© Karla Kelly
Julie Desjardins, member of the School Steering Team at Weymouth Consolidated expresses her concern over lack of communication by the board.
By Eric Bourque
A parent who was involved in the fight to keep Weymouth Consolidated School open encourages those with something to say about the school review process to express their views.
Julie Desjardins was responding to the announcement that the province was to begin consultations on the school review process in December, with a series of public meetings planned for January.
“People who want their schools to remain need to be involved in this process,” Desjardins said. “Don’t wait until the school is being reviewed. If you have an opinion now on how schools should be reviewed in the future, voice it.”
She also says the meeting schedule announced Nov. 26 by Karen Casey, Nova Scotia’s education minister, doesn’t give school advisory councils much time to prepare.
“Many (SACs) don’t meet in December, which really only leaves about three weeks in January to have a meeting and get our thoughts, concerns and ideas on paper to submit,” Desjardins said.
The education minister’s announcement came with the release of a discussion paper on the school review process.
Desjardins says one of the things that frustrated her with the review of Weymouth Consolidated School was that Saint Mary’s Bay Academy – where students from Weymouth Consolidated would have gone had their school been closed – was left out of the process, despite the potential impact on it.
Referring to the discussion paper, she said, “I don’t see anything in the report that indicates any change in acknowledging that when you are affecting not only one school, the other school (or schools) should also be an official part of the review process.”
Desjardins offered some thoughts on some of the paper’s discussion topics, including one concerning “clear consistent indicators” for identifying schools for review.
Saying their school community was “blindsided” when Weymouth Consolidated was put under review, she said if specific criteria were spelled out, school communities at least would be aware that a review is possible.

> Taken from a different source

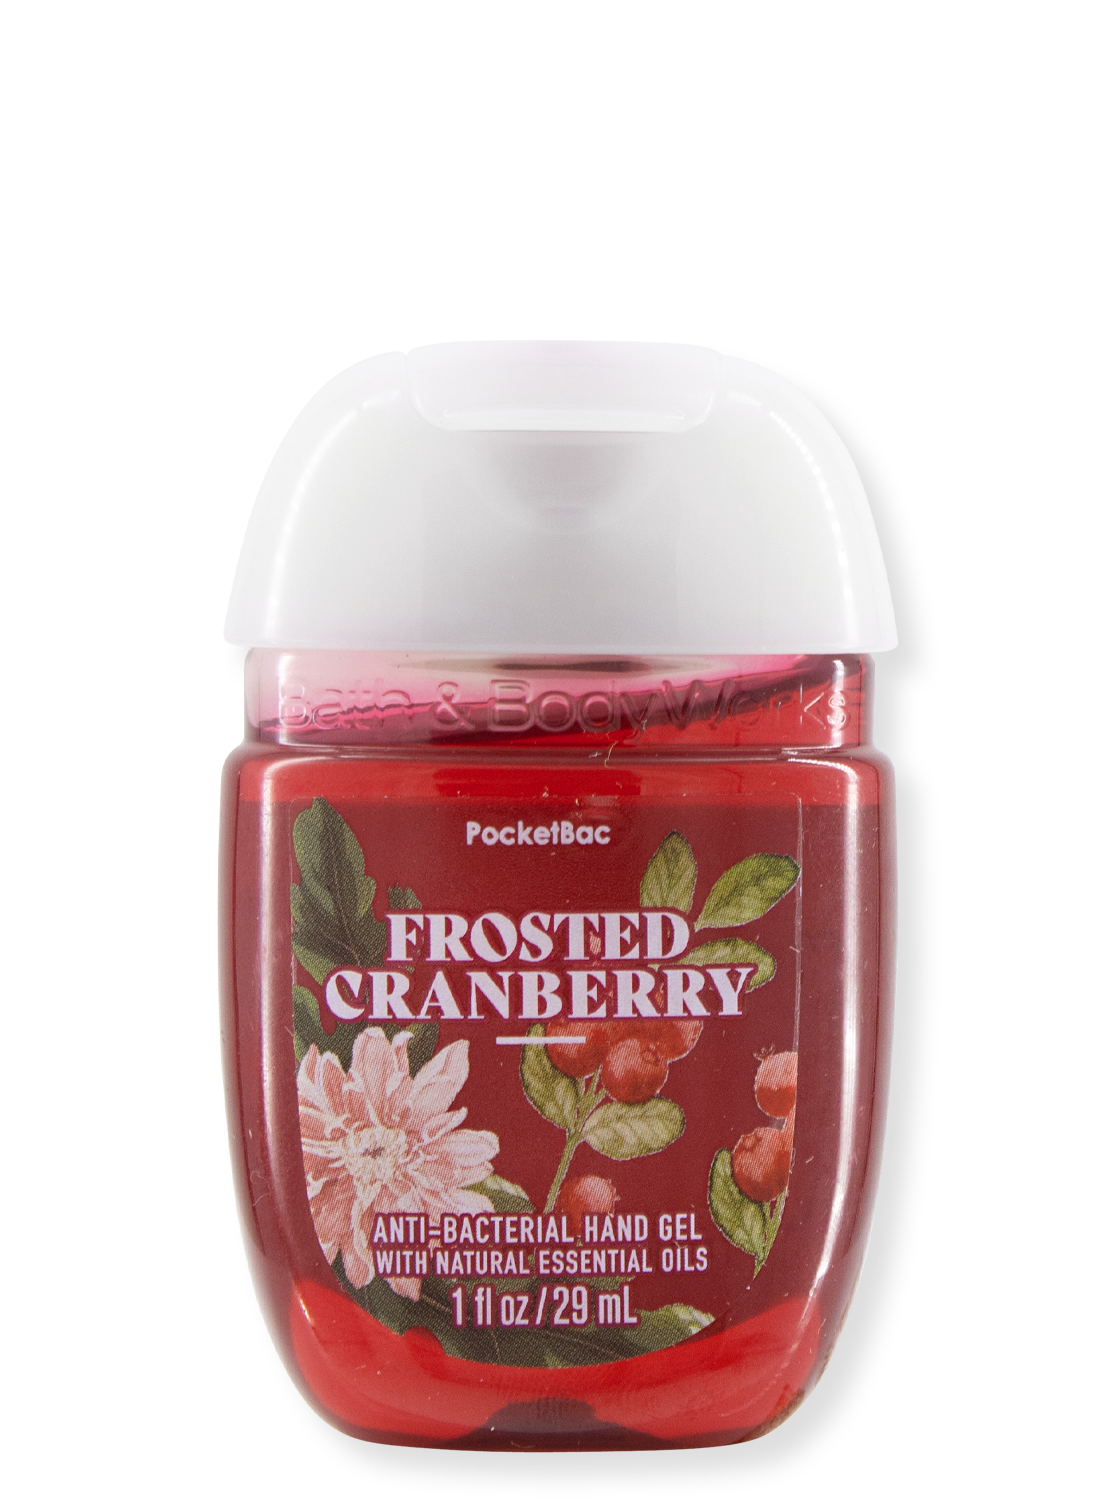 Hand-Desinfektionsgel - Frosted Cranberry - 29ml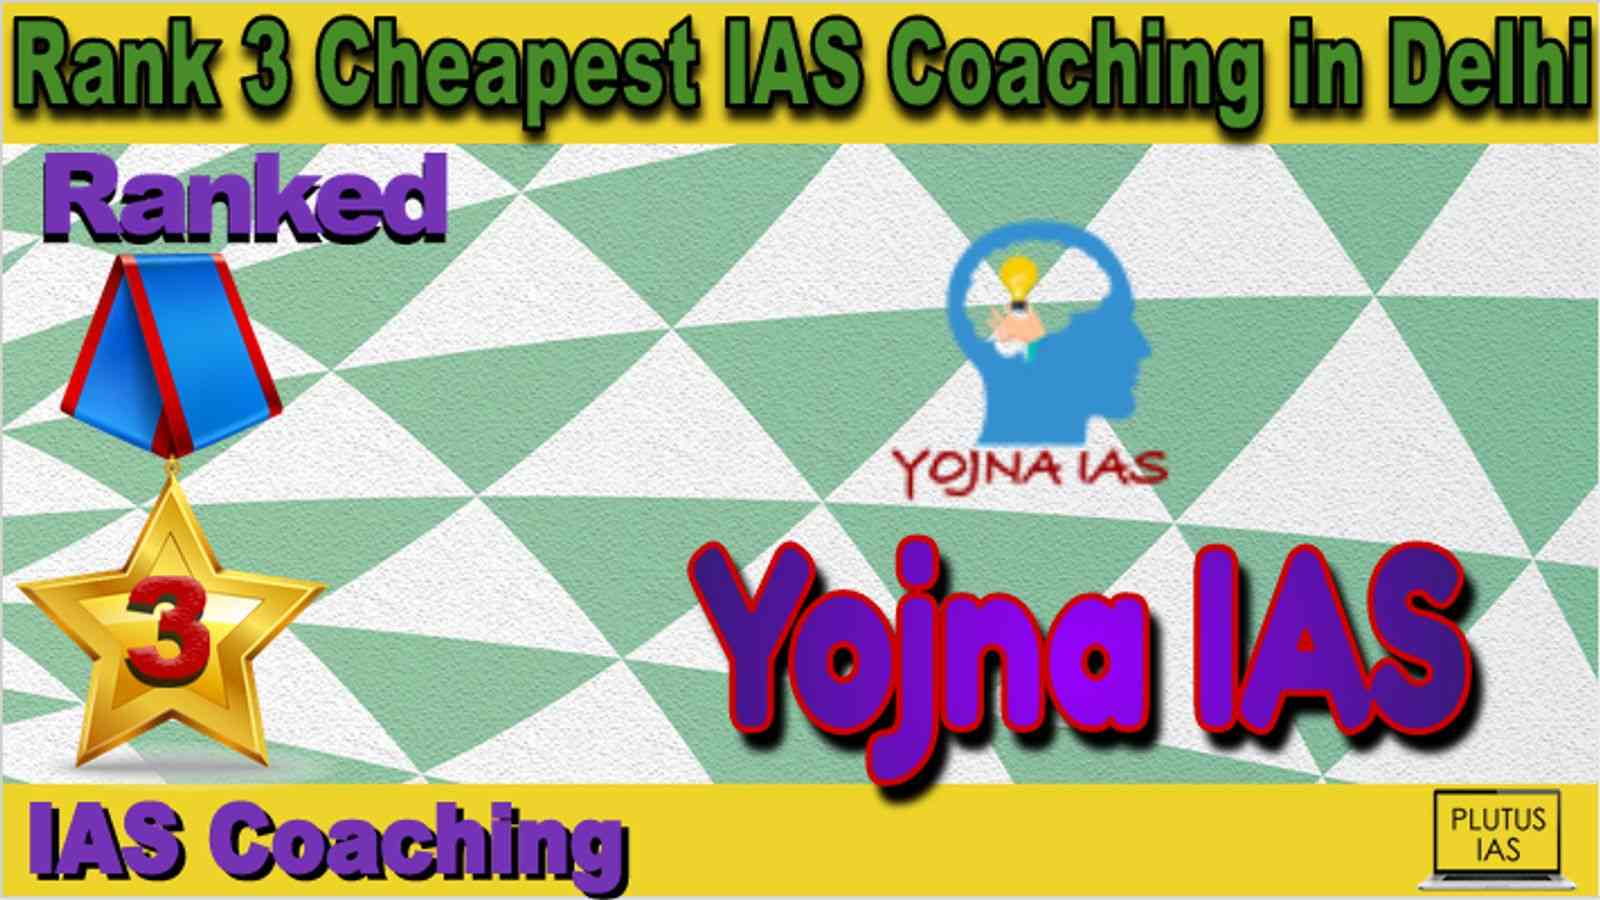 Rank 3 Cheapest IAS Coaching in Delhi

On the matter of “better supporting information” (another discussion topic in the paper) Desjardins says she and others who were involved in the effort to keep Weymouth Consolidated open spent a good deal of time gathering information that turned out to contradict what was in an impact assessment report that had been prepared for the school board.
With regard to another of the paper’s discussion topics, Desjardins says school boards should consider “innovative roles for schools,” but she adds that communities should support their schools by trying to be innovative too. Schools and other facilities can play a factor, she says, when someone decides where to live.
“If you don’t have these, young people – who buy homes, support local business, generate jobs in rural areas etc. – will not relocate to a community,” she said.